I am alone
In the streets of a foreign city
In the night when the people empty
Out of this place
I am not home
In these pieces of broken places
In my mind where I feel wasted
and lose my days
I find a bottle and let it fill me with
dread and fear
while blackened vision kills the feeling
so I can lie here
On the ground next to glass and trash
And abandoned lifeless things
I see myself in reflections of
So I die to myself
Every time I close my eyes
I try to accept
the parts of me that lie
But I won’t let go
Of the dark beneath my eyes
And I can’t say no
To the voices in my mind
I am alone
I have a block in my mind that weighs the rest of my body down
Until I am buried beneath the ground
Blinded by my apathy and self-doubt.
The block causes build up in my brain with random strains of words
That mean nothing–
It only cause my nerves to stay in the past tense of things
As I replay days over and over again
Until I feel sorry and sick
From my remembering and retelling of stories that have ended.

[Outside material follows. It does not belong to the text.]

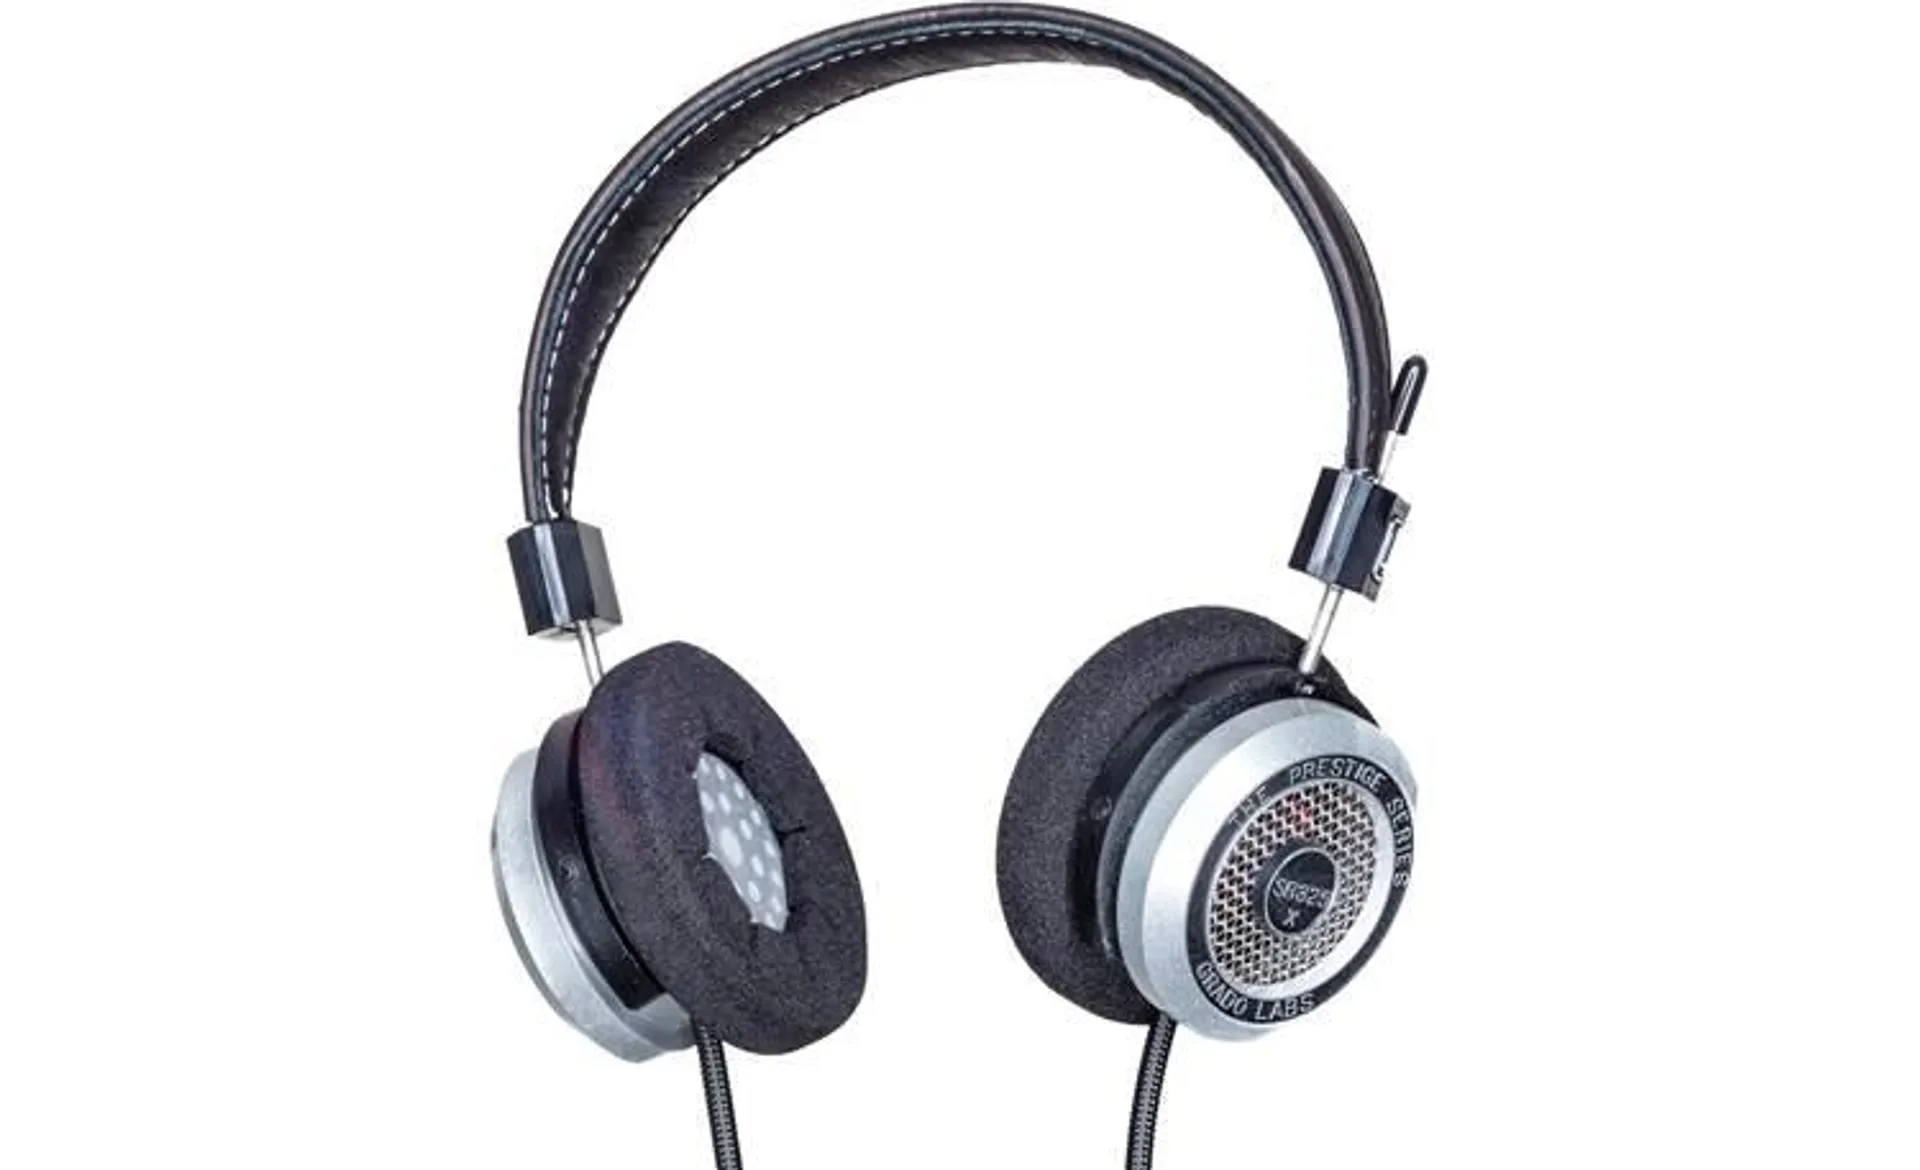 Grado SR 325x Prestige Series on-ear headphones

I don’t want any part of this collage of faulted thought,
But I can’t erase my mind block.
It overwhelms my ability to remove the piece stopping me
From moving forward–
So I am cursed to relive dead end passages
As I sink farther beneath the beginning.
My eyes hold the dark
Like an open tomb
My mouth cries out
For someone to look at me—
I hear the boards creak.
I feel the walls crack
As dust fills my nose
And the floors shake
Like an earthquake.
Light crawls through the spaces
And my body relaxes.
I am not alone in this darkness.
I see you standing beside the rubble
Looking at me,
Waiting with an open hand,
And I begin again.
I push my body through the pieces of concrete,
Your eyes found me.
Your hands took mine,
And we left this place.
This place of dry bones and fallen things.

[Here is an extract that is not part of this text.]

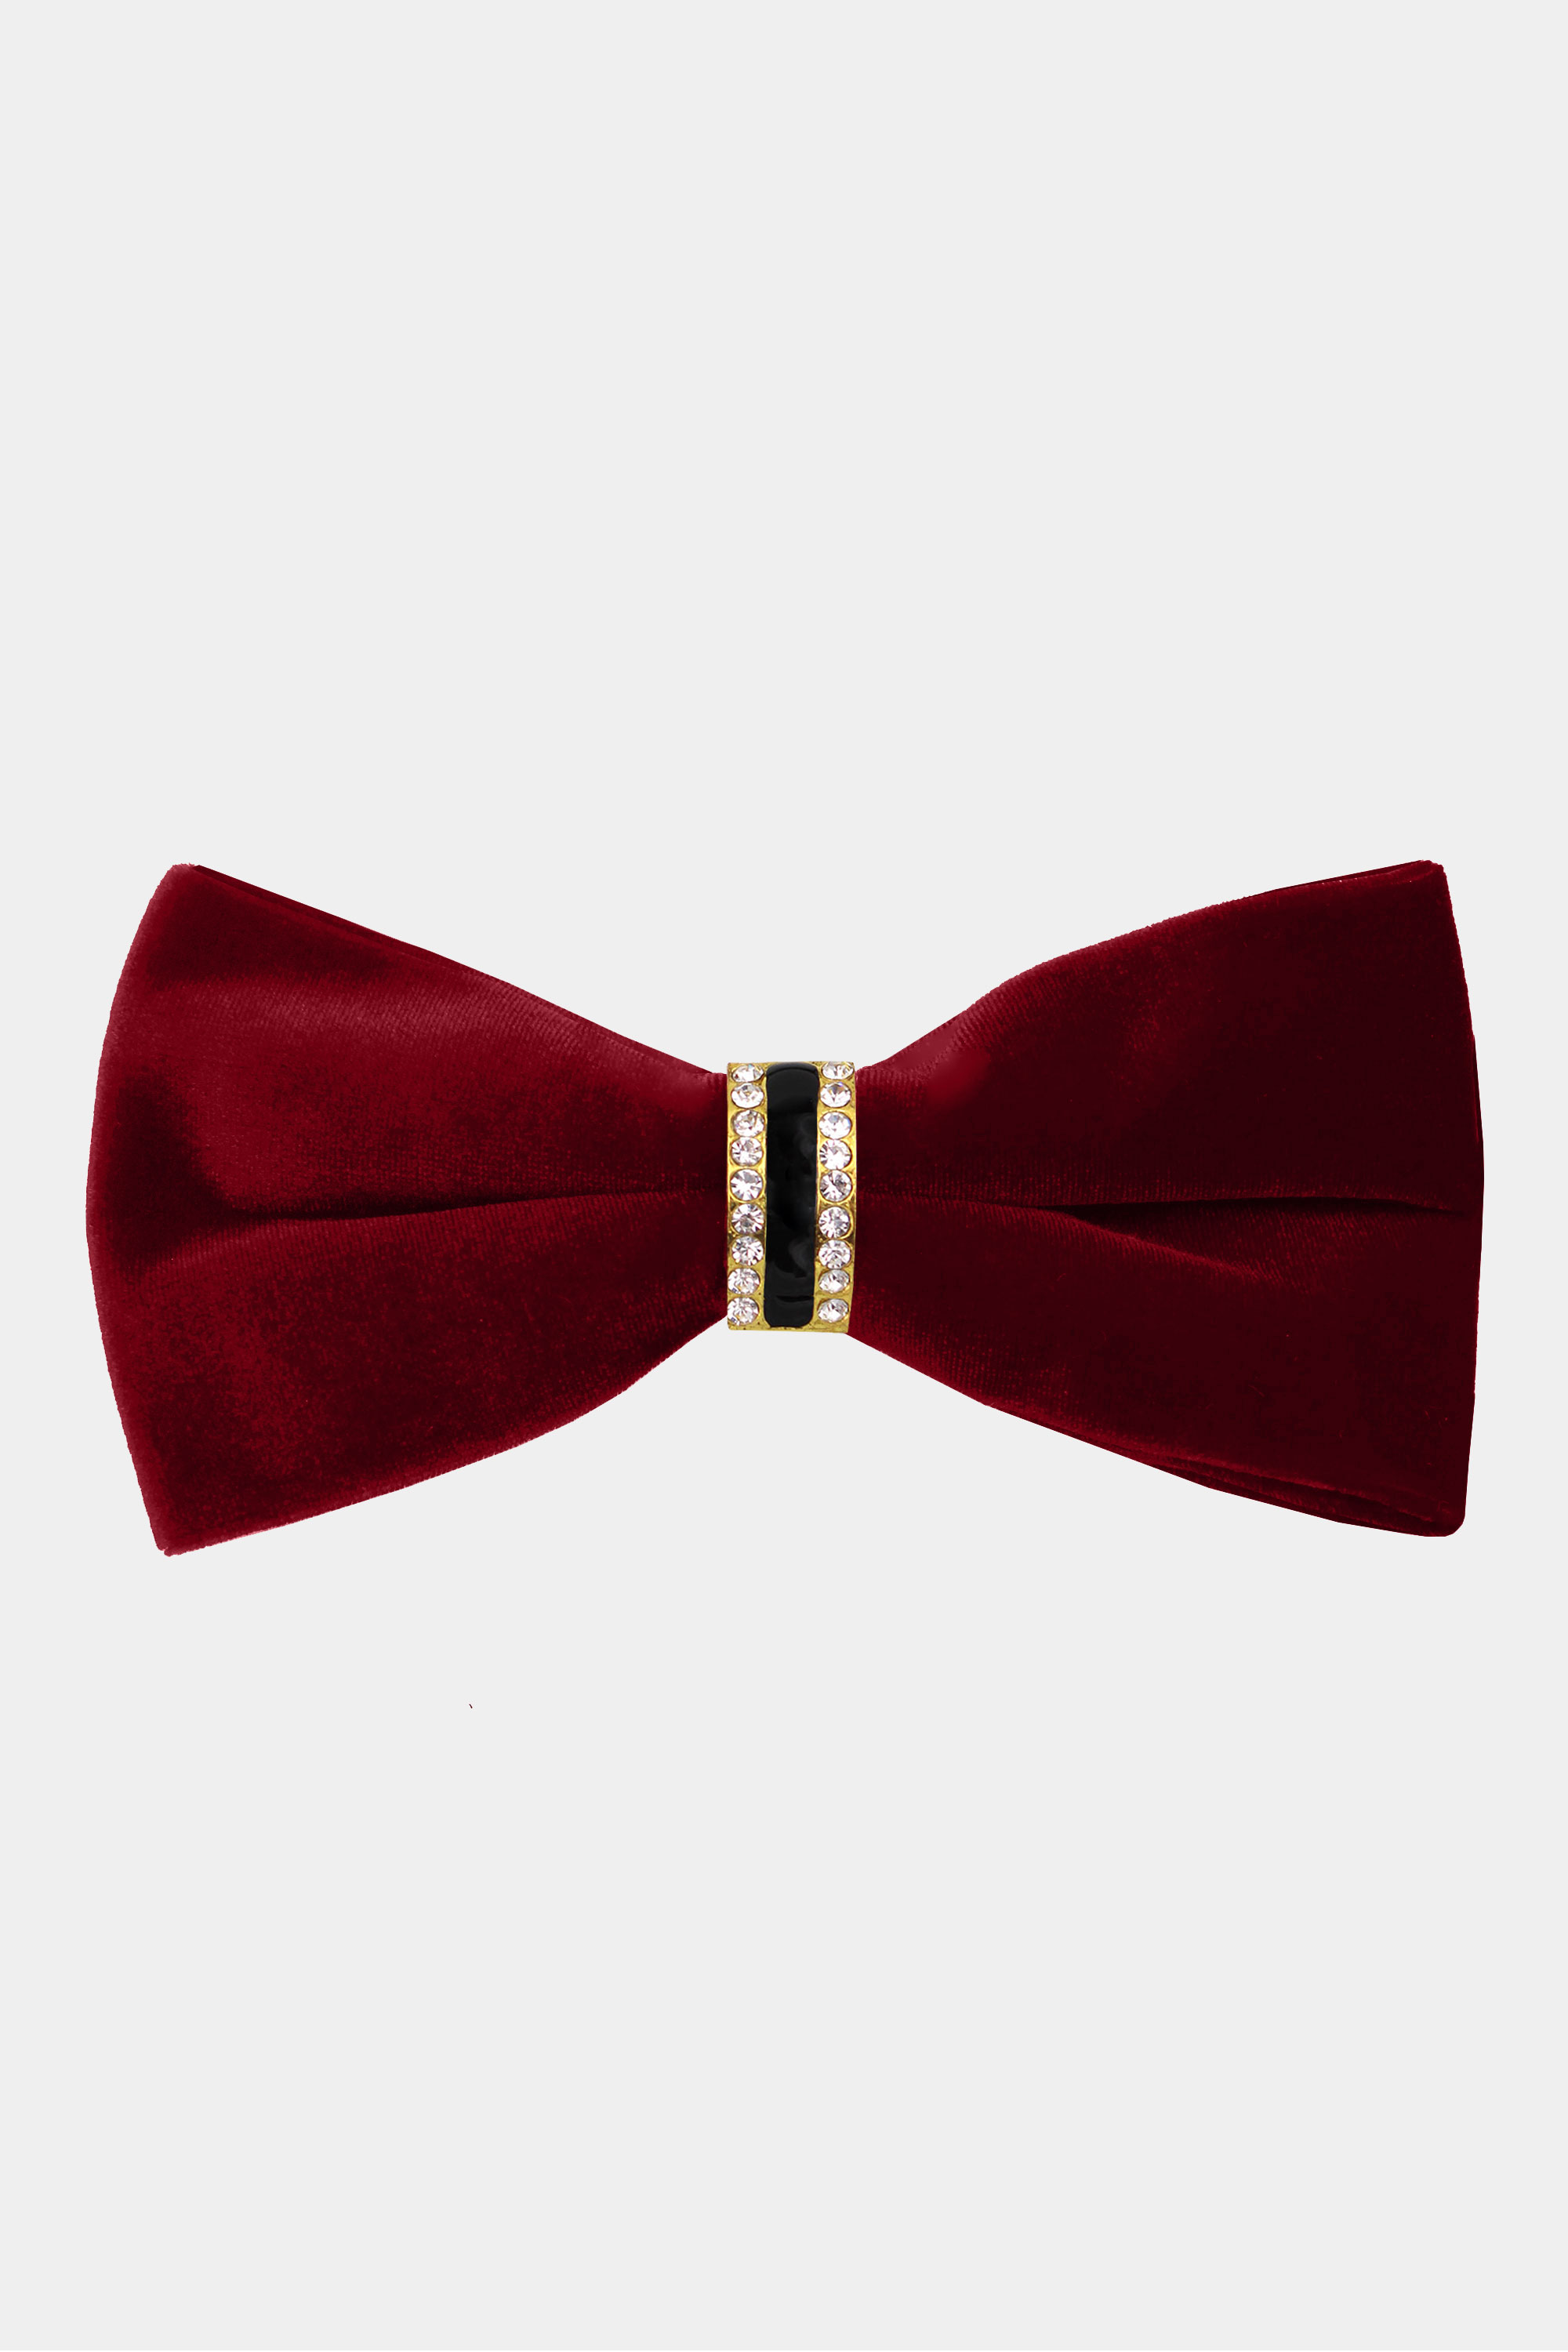 Mens-Marron-Burgundy-Velvet-Bow-Tie-Crystal-Luxury-Fancy-Bowtie-from-Gentlemansguru.com

I am scared of a lot of things.
I’m scared of ISIS, terrorism, disease, and people hiding in the dark, waiting for people like me. I am scared of him. I am scared of being alone, and having no one to go to. I am scared of disappointing my parents, getting pregnant before I get married, and not making it into grad school. I am scared of school. I am scared of losing everything, and dying before I get the chance to live,
But I love running outside in my bare feet, and making up words to songs. I love driving when everyone else is sleeping, and pretending like I am the only person left in a small country town with a name no one seems to remember. I love talking about nonsensical things with friends, and drinking underneath the stars that fall along the river.
My fears will not stop me from walking outside, and breathing in freshly cut grass, or the crisp mornings lining my windows. My fears will never leave me, but my love for life, and for people, will fuel enough excitement and energy to search for more.
More than black and white, and more than memories left behind in pictures.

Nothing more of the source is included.